Structured feature list: Every feature has a clear state and verification command. New session reads the list and in 3 minutes knows: F01-F05 are passing, F06 is active, F07-F10 are not_started. Picks up from F06 directly, zero rework.

Quantified result: projects using structured feature lists show a 45% higher feature completion rate than free-form tracking, with zero duplicate implementations.

Key Takeaways

  • Feature lists are the harness's core data structure, not planning documents for humans. Scheduler, verifier, and handoff reporter all depend on them.
  • Every feature item must have the triple: behavior description + verification command + current state. Missing one element makes it incomplete.
  • State transitions are controlled by the harness — the agent can't change states on its own. Passing verification is the only upgrade path.
  • The feature list is the project's single source of truth — all "what to do" information derives from it.
  • Calibrate granularity to "completable in one session."

Further Reading

Exercises

  1. Feature List Design: Define a minimal feature list JSON schema. Include: id, behavior description, verification command, current state, evidence reference. Use it to describe a real project with 5 features.

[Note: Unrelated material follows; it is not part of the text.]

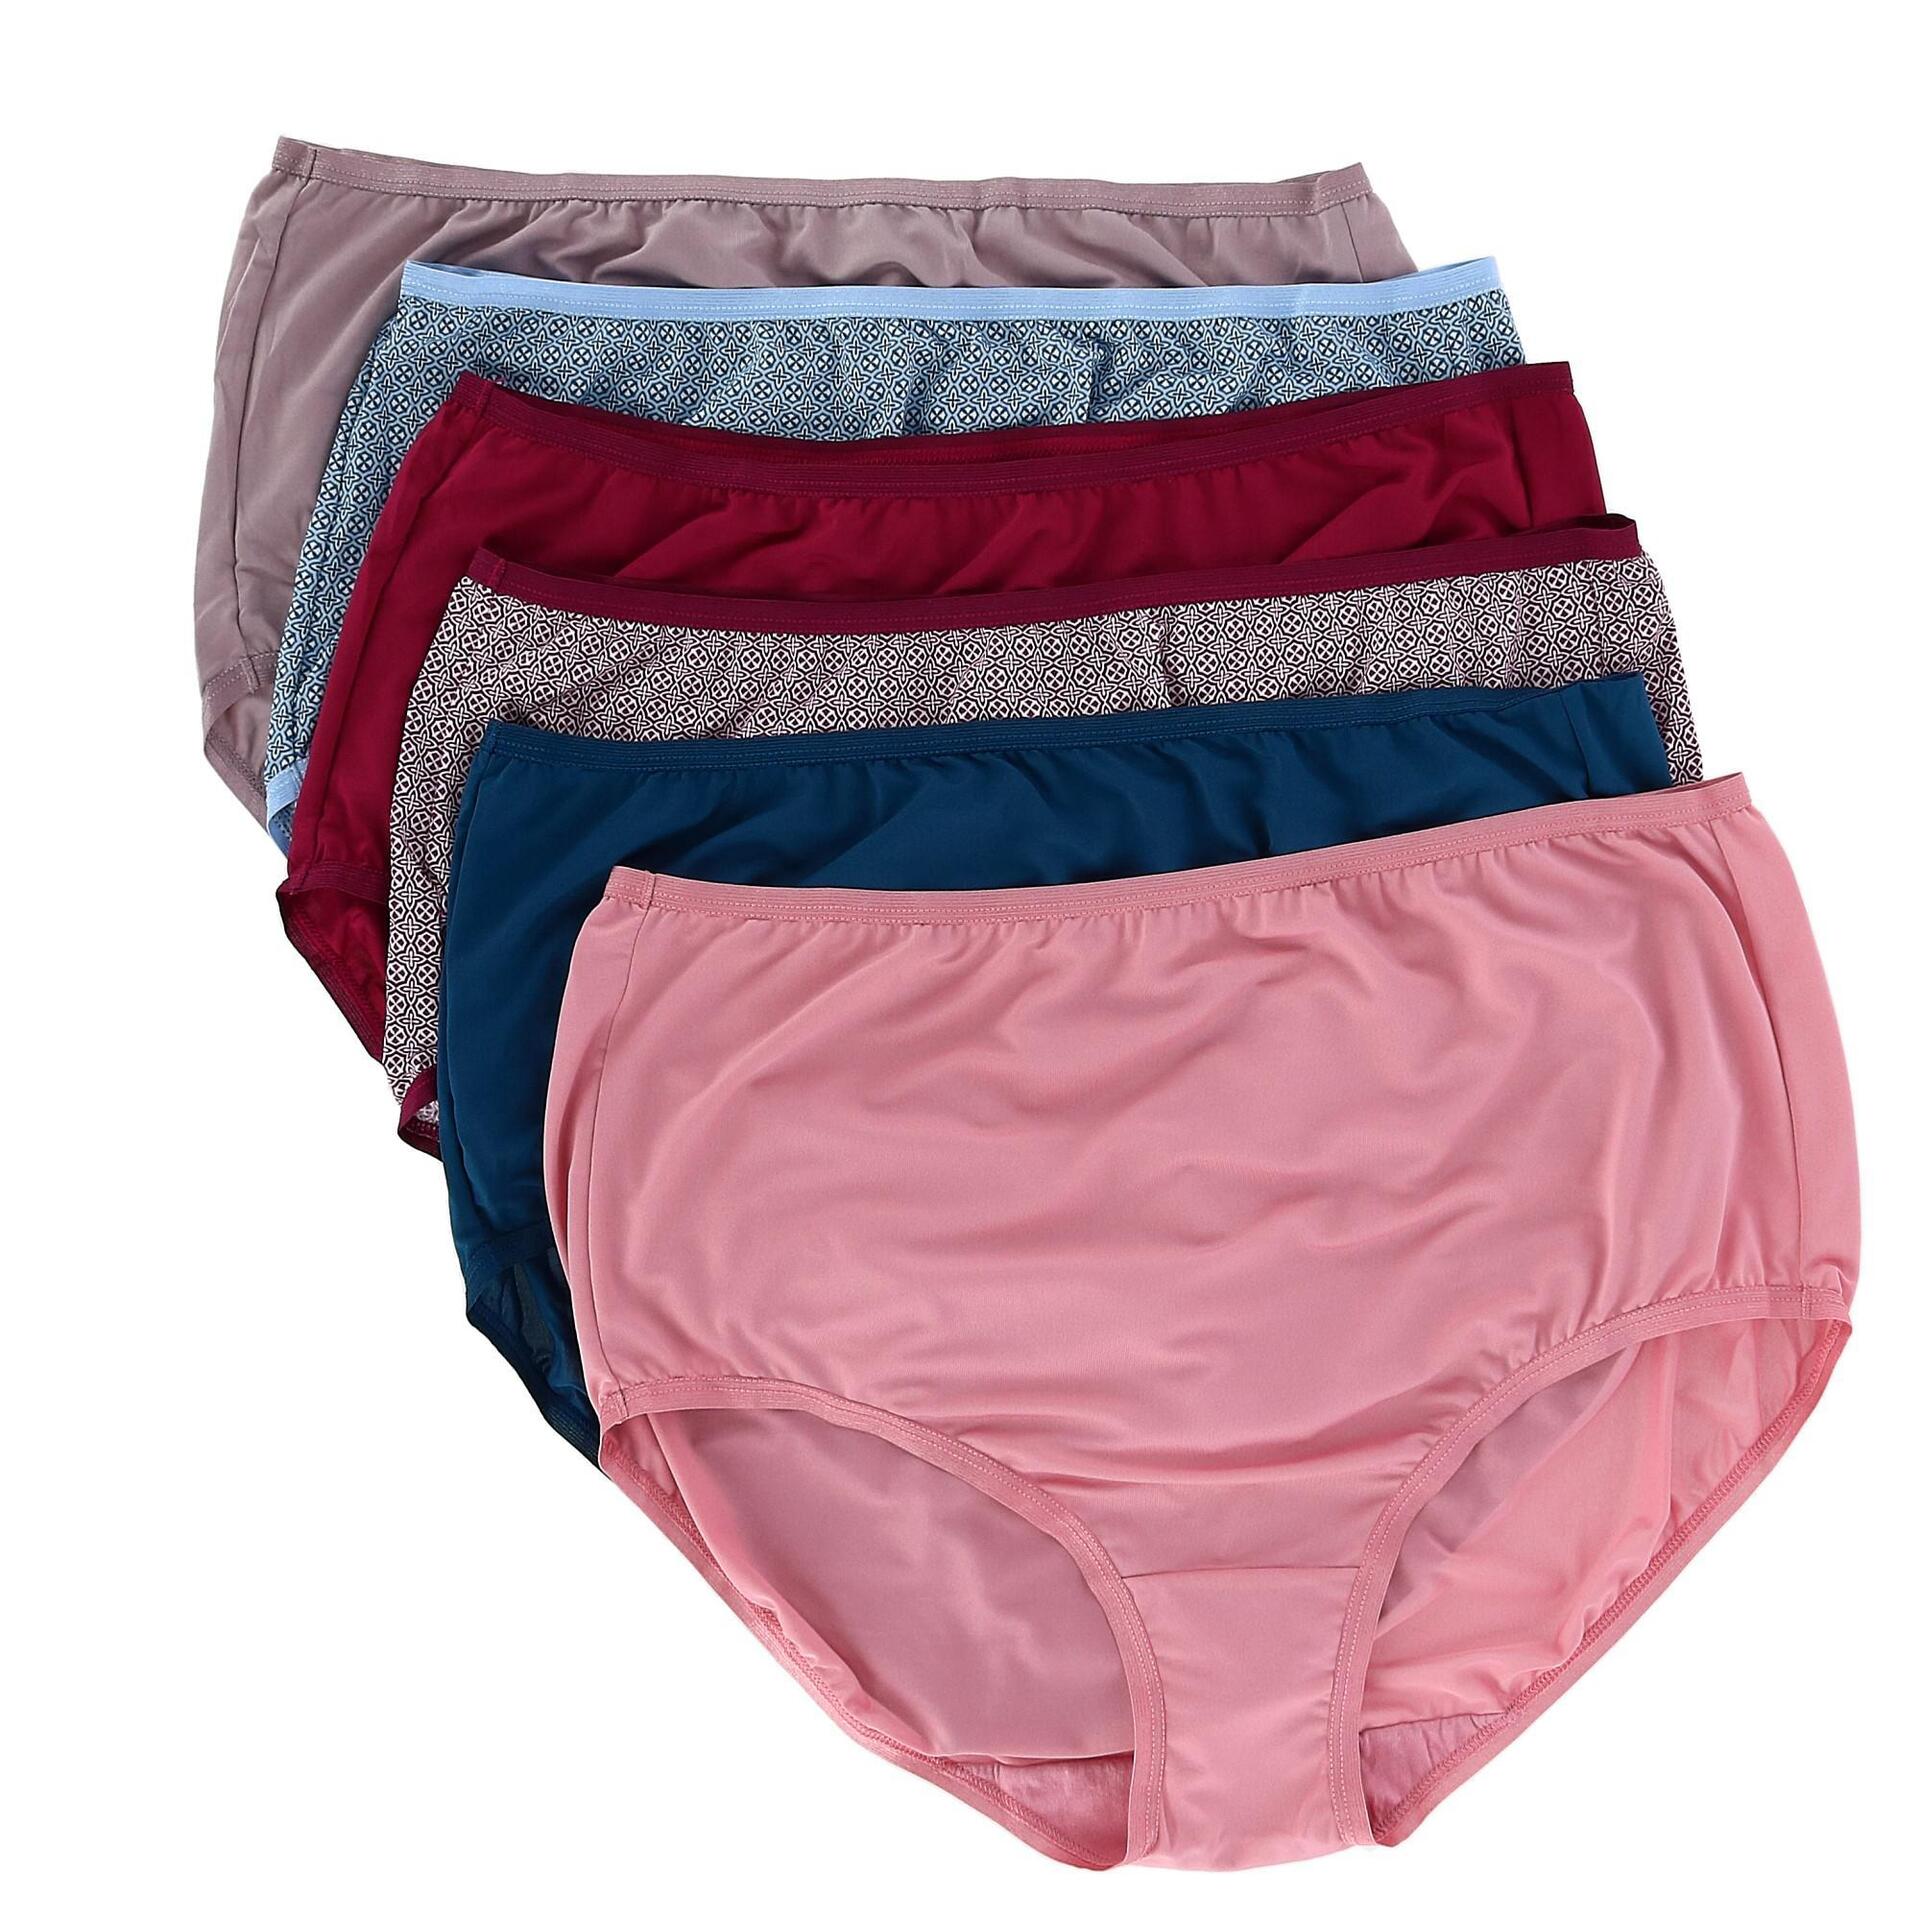 Fruit of the Loom Women's Microfiber Brief Underwear (6 Pack) - Multi
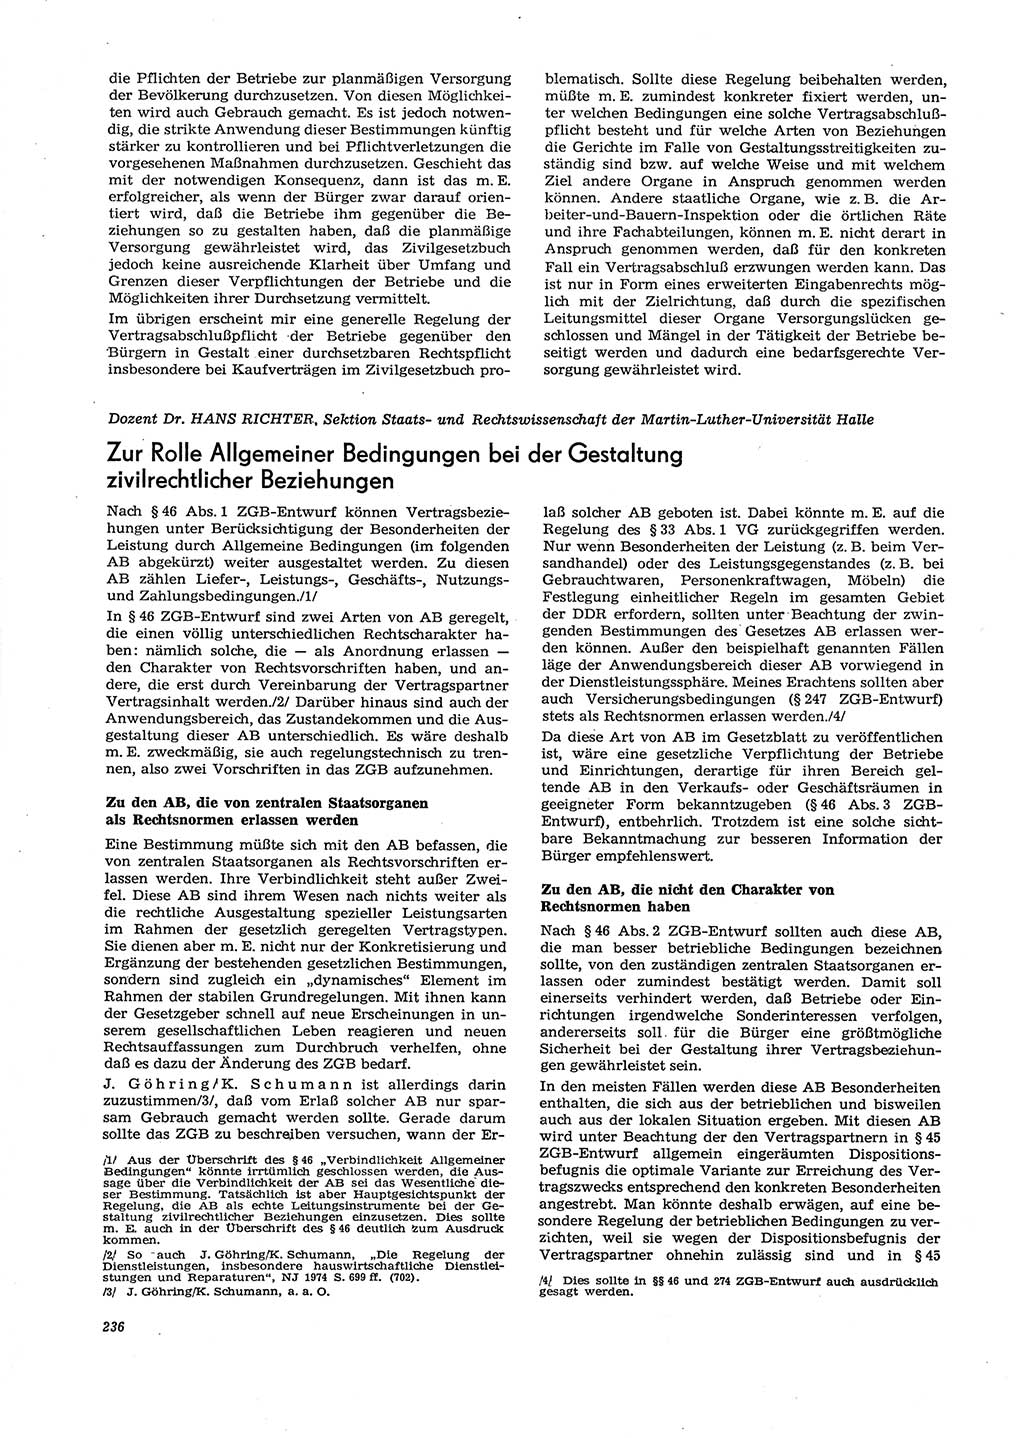 Neue Justiz (NJ), Zeitschrift für Recht und Rechtswissenschaft [Deutsche Demokratische Republik (DDR)], 29. Jahrgang 1975, Seite 236 (NJ DDR 1975, S. 236)

  2. Verification Strictness Comparison: Pick 3 features and design both a "loose" verification (e.g., "code has no syntax errors") and a "strict" verification (e.g., "end-to-end test passes"). Compare false positive rates under each approach.

  3. Single Source Principle Audit: Review an existing agent project and check for scope information that contradicts the feature list (implicit requirements in conversations, TODO comments in code, etc.). Design a plan to unify all information into the feature list.